Implementation: Building the Agent DVR
Step 1: Episode Recording Infrastructure
First, we need to capture every agent decision with full context:
from datetime import datetime, timezone
from dataclasses import dataclass, asdict
from typing import List, Dict, Any, Optional
import json
import sqlite3
from pathlib import Path
@dataclass
class AgentEvent:
timestamp: str
event_type: str # 'llm_call', 'tool_call', 'decision', 'error'
agent_name: str
step_number: int
content: Dict[str, Any]
tokens_used: int
cost_cents: int
duration_ms: int
parent_event_id: Optional[str] = None
event_id: Optional[str] = None
class EpisodeRecorder:
def __init__(self, db_path: str = "./agent_episodes.db"):
self.db_path = Path(db_path)
self.db_path.parent.mkdir(parents=True, exist_ok=True)
self._init_db()
def _init_db(self):
conn = sqlite3.connect(self.db_path)
conn.execute("""
CREATE TABLE IF NOT EXISTS episodes (
episode_id TEXT PRIMARY KEY,
agent_name TEXT,
start_time TEXT,
end_time TEXT,
total_tokens INTEGER DEFAULT 0,
total_cost_cents INTEGER DEFAULT 0,
status TEXT DEFAULT 'running'
)
""")
conn.execute("""
CREATE TABLE IF NOT EXISTS events (
event_id TEXT PRIMARY KEY,
episode_id TEXT,
timestamp TEXT,
event_type TEXT,
agent_name TEXT,
step_number INTEGER,
content TEXT,
tokens_used INTEGER,
cost_cents INTEGER,
duration_ms INTEGER,
parent_event_id TEXT,
FOREIGN KEY (episode_id) REFERENCES episodes (episode_id)
)
""")
conn.execute("CREATE INDEX IF NOT EXISTS idx_episode_events ON events(episode_id, step_number)")
conn.commit()
conn.close()
def start_episode(self, agent_name: str) -> str:
episode_id = f"{agent_name}_{datetime.now(timezone.utc).isoformat()}"
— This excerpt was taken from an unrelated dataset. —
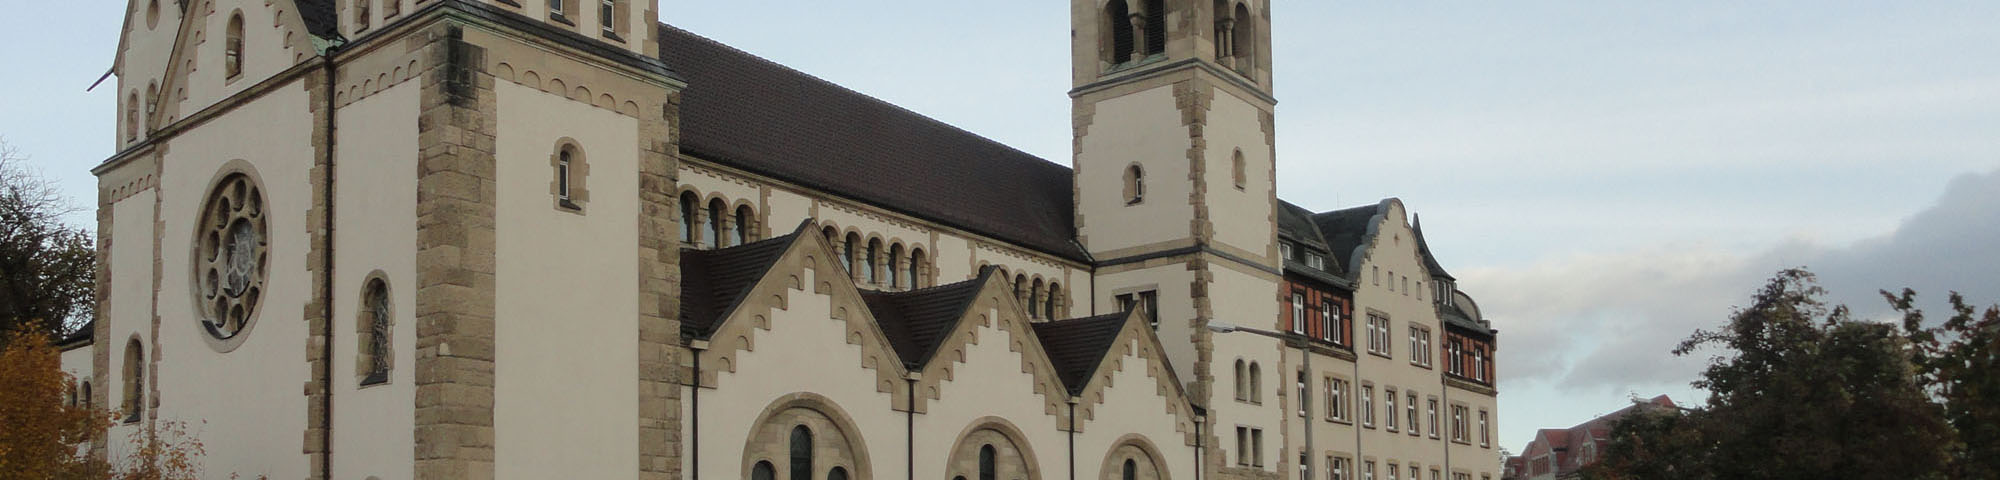 Kath. Liebfrauenkirche Lindenau

conn = sqlite3.connect(self.db_path)
conn.execute(
"INSERT INTO episodes (episode_id, agent_name, start_time) VALUES (?, ?, ?)",
(episode_id, agent_name, datetime.now(timezone.utc).isoformat())
)
conn.commit()
conn.close()
return episode_id
def record_event(self, episode_id: str, event: AgentEvent) -> str:
event_id = f"{episode_id}_{event.step_number}_{event.event_type}"
event.event_id = event_id
conn = sqlite3.connect(self.db_path)
conn.execute("""
INSERT INTO events
(event_id, episode_id, timestamp, event_type, agent_name, step_number,
content, tokens_used, cost_cents, duration_ms, parent_event_id)
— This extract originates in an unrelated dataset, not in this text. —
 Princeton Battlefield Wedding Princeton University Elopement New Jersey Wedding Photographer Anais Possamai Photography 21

VALUES (?, ?, ?, ?, ?, ?, ?, ?, ?, ?, ?)
""", (
event_id, episode_id, event.timestamp, event.event_type,
event.agent_name, event.step_number, json.dumps(event.content),
event.tokens_used, event.cost_cents, event.duration_ms,
event.parent_event_id
))
conn.commit()
conn.close()
return event_id
Step 2: LangChain Integration with Recording
Now we instrument a LangChain agent to record every decision:
from langchain.agents import AgentExecutor, create_openai_functions_agent
from langchain_openai import ChatOpenAI
from langchain.prompts import ChatPromptTemplate
from langchain.tools import Tool
import time
from typing import Dict, Any
class RecordingAgent:
def __init__(self, recorder: EpisodeRecorder, tools: List[Tool]):
self.recorder = recorder
self.episode_id = None
self.step_counter = 0
# Create LangChain agent
self.llm = ChatOpenAI(temperature=0)
prompt = ChatPromptTemplate.from_messages([
("system", "You are a helpful assistant that uses tools to complete tasks."),
("human", "{input}"),
("placeholder", "{agent_scratchpad}")
])
agent = create_openai_functions_agent(self.llm, tools, prompt)
self.executor = AgentExecutor(agent=agent, tools=tools, verbose=True)
# Hook into the execution flow
self._monkey_patch_executor()
def _monkey_patch_executor(self):
original_plan = self.executor.agent.plan
original_llm_call = self.llm._generate
def recording_plan(intermediate_steps, callbacks, **kwargs):
start_time = time.time()
self.step_counter += 1
try:
result = original_plan(intermediate_steps, callbacks, **kwargs)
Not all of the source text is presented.